### [WORK TO COMPLETE]
Restate word for word each line from the one containing "Le sac du dernier jour" through the end of the material, and nothing more. Drop every picture.
[COLLECTED MATERIAL — start]
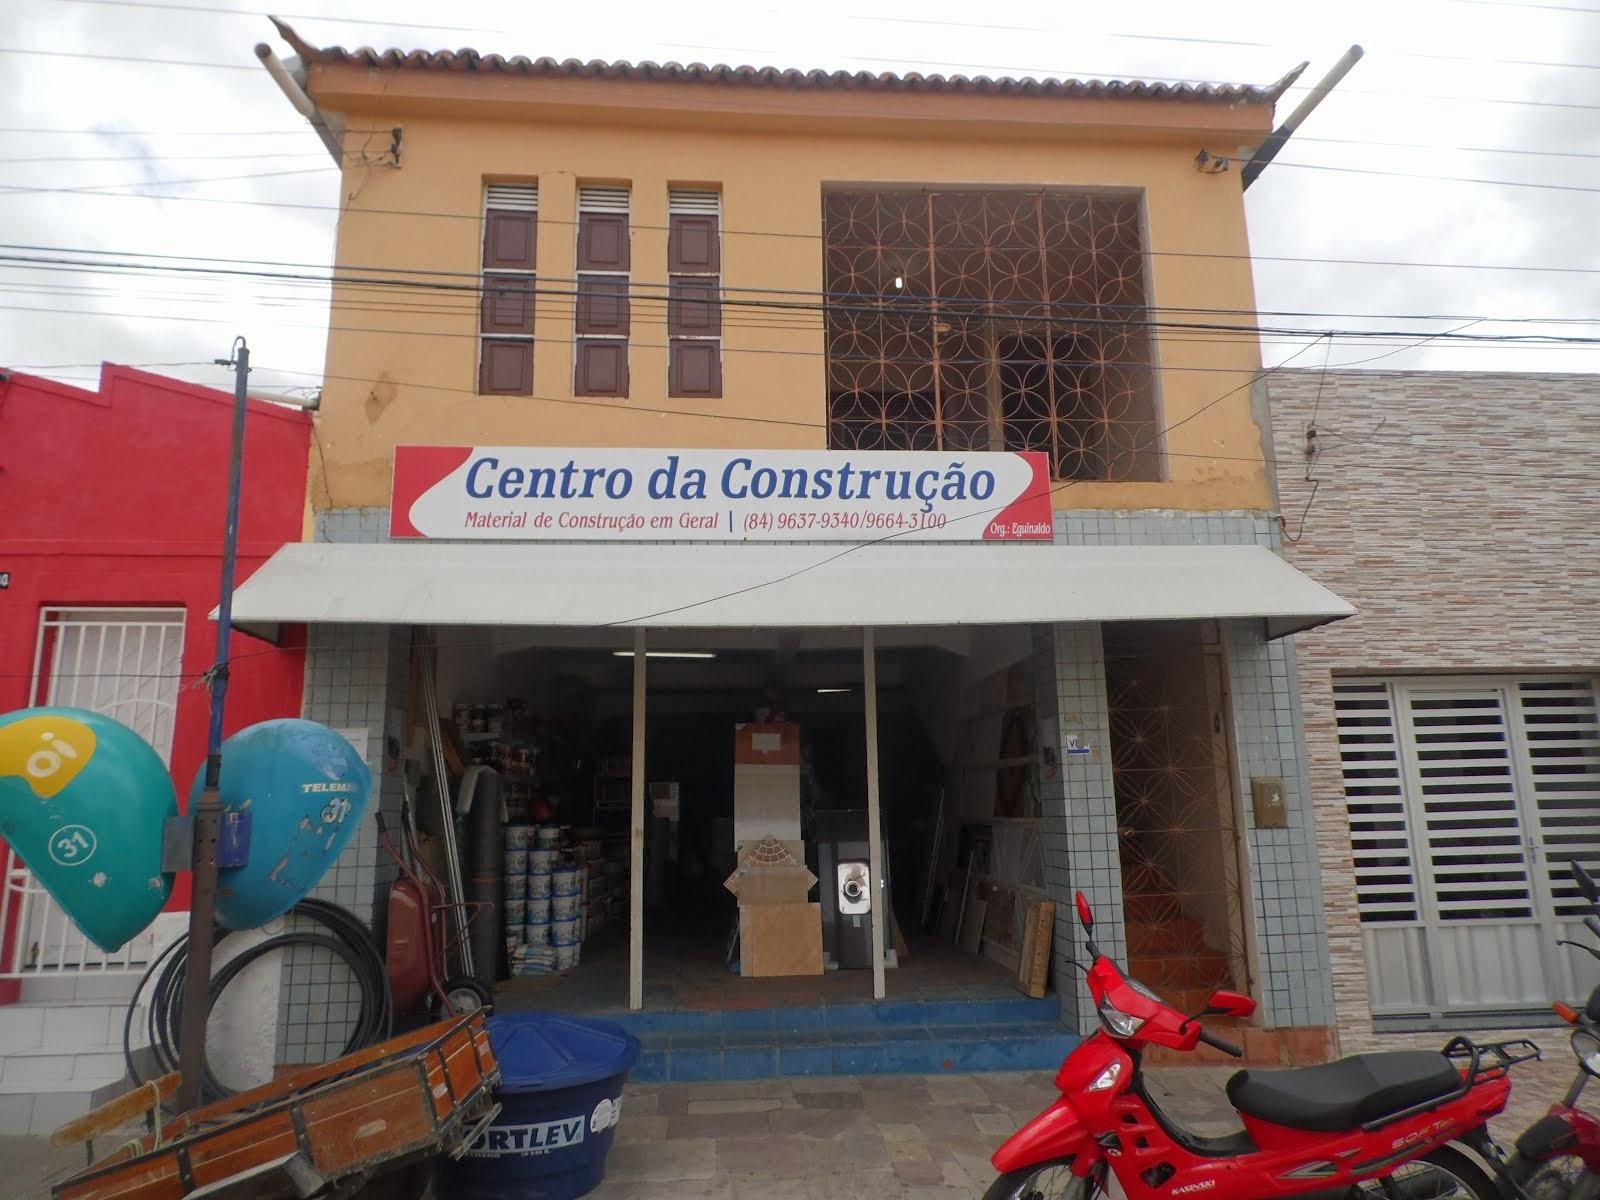 Centro da Construção
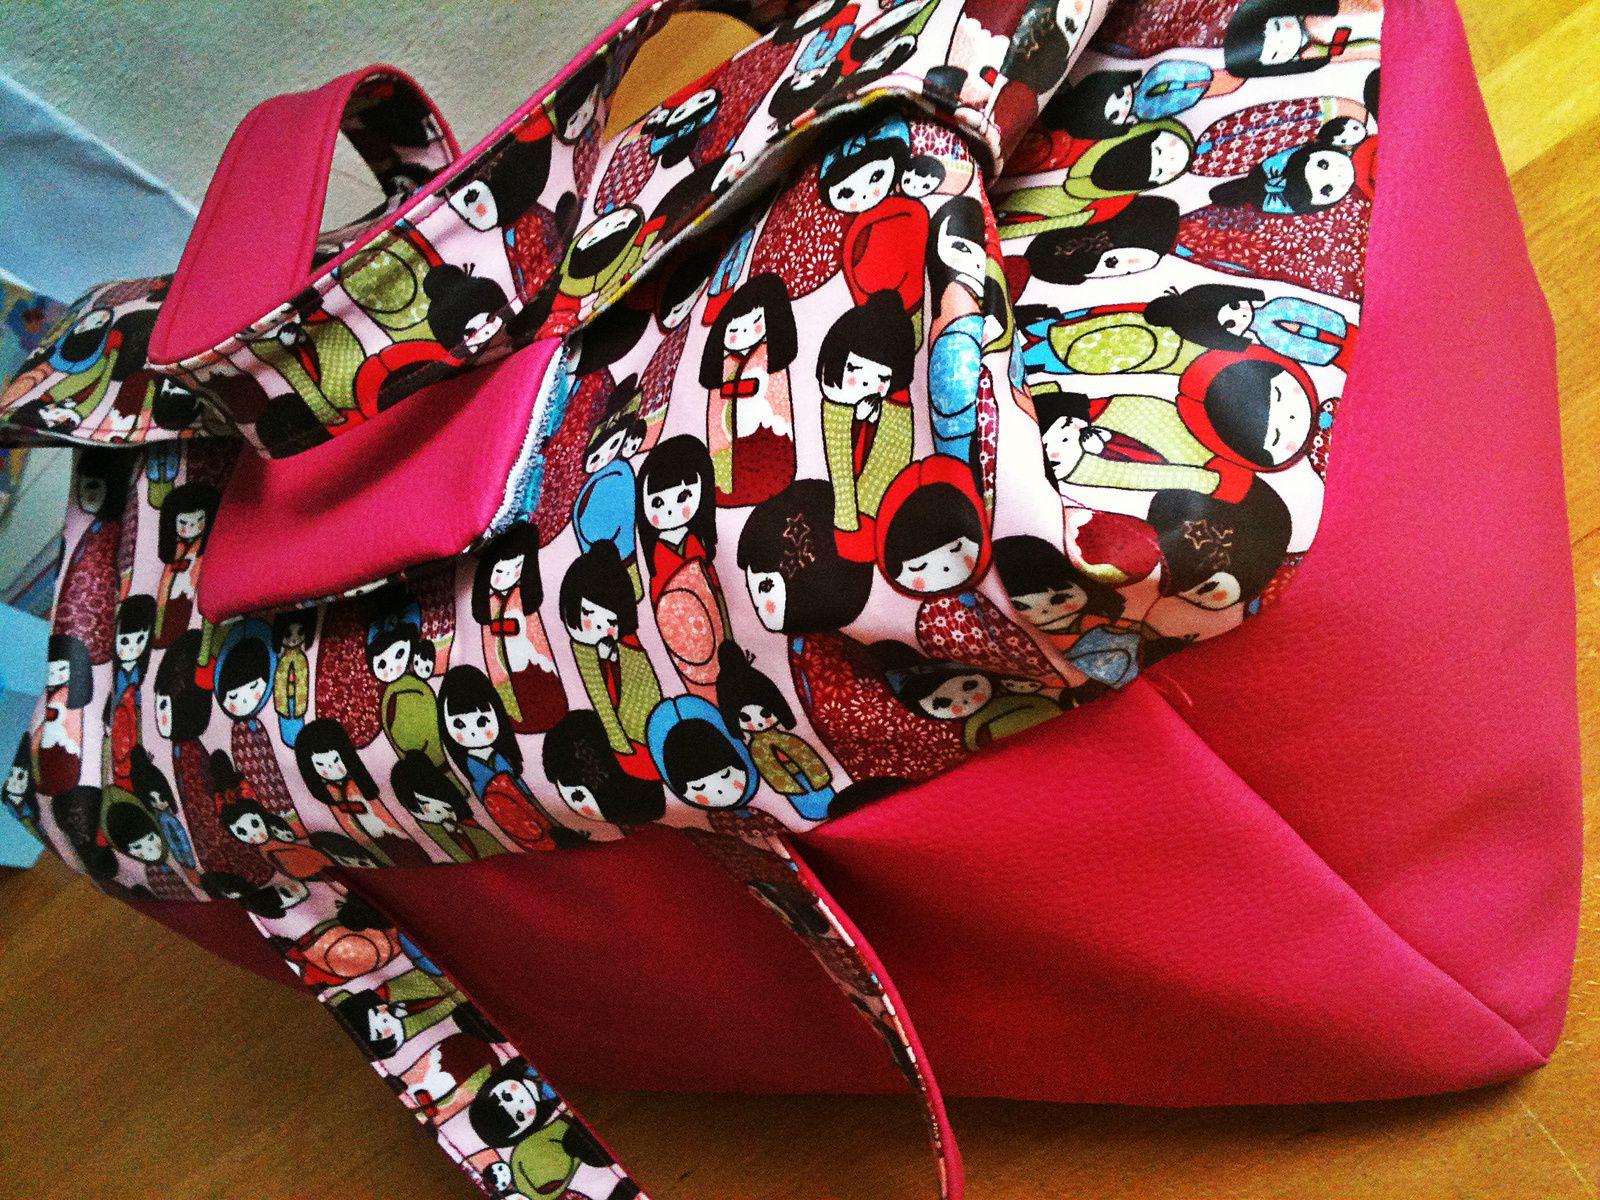 Le sac du dernier jour
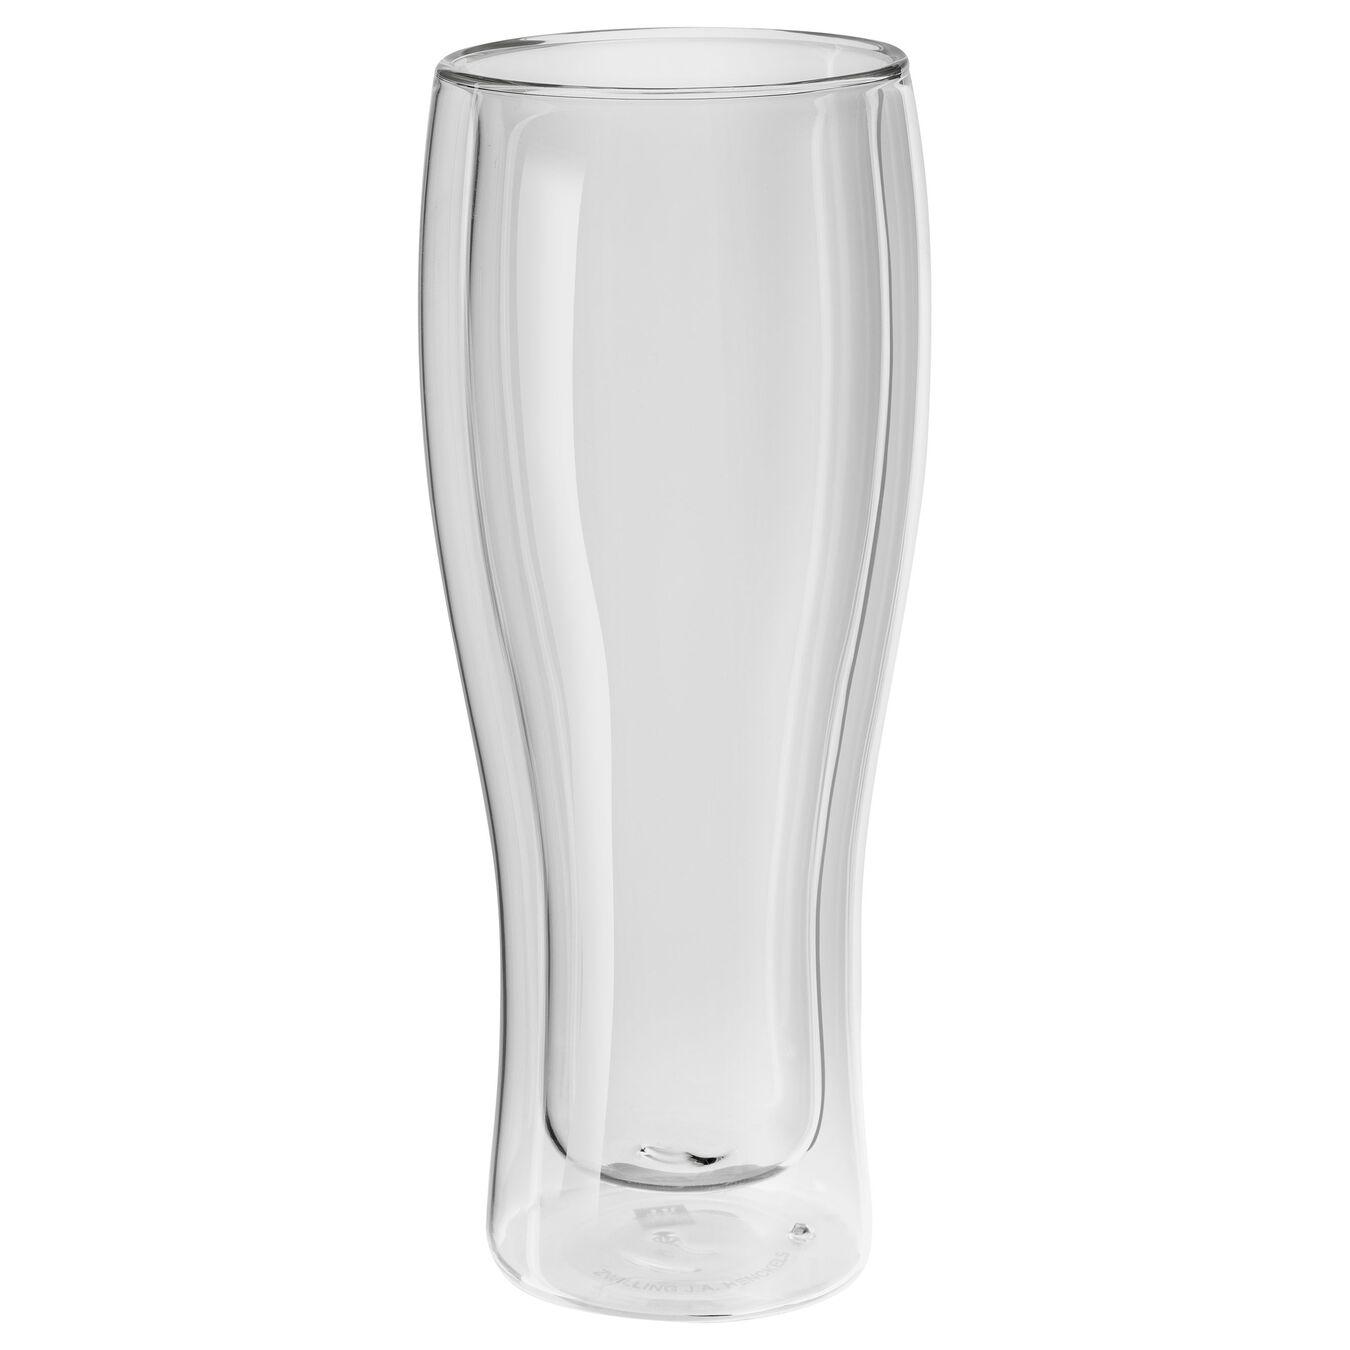 Bira Bardağı Seti | 2-adet,,large 1
[COLLECTED MATERIAL — finish]
### [RESPONSE FOR THIS EXERCISE]
 Le sac du dernier jour
 Bira Bardağı Seti | 2-adet,,large 1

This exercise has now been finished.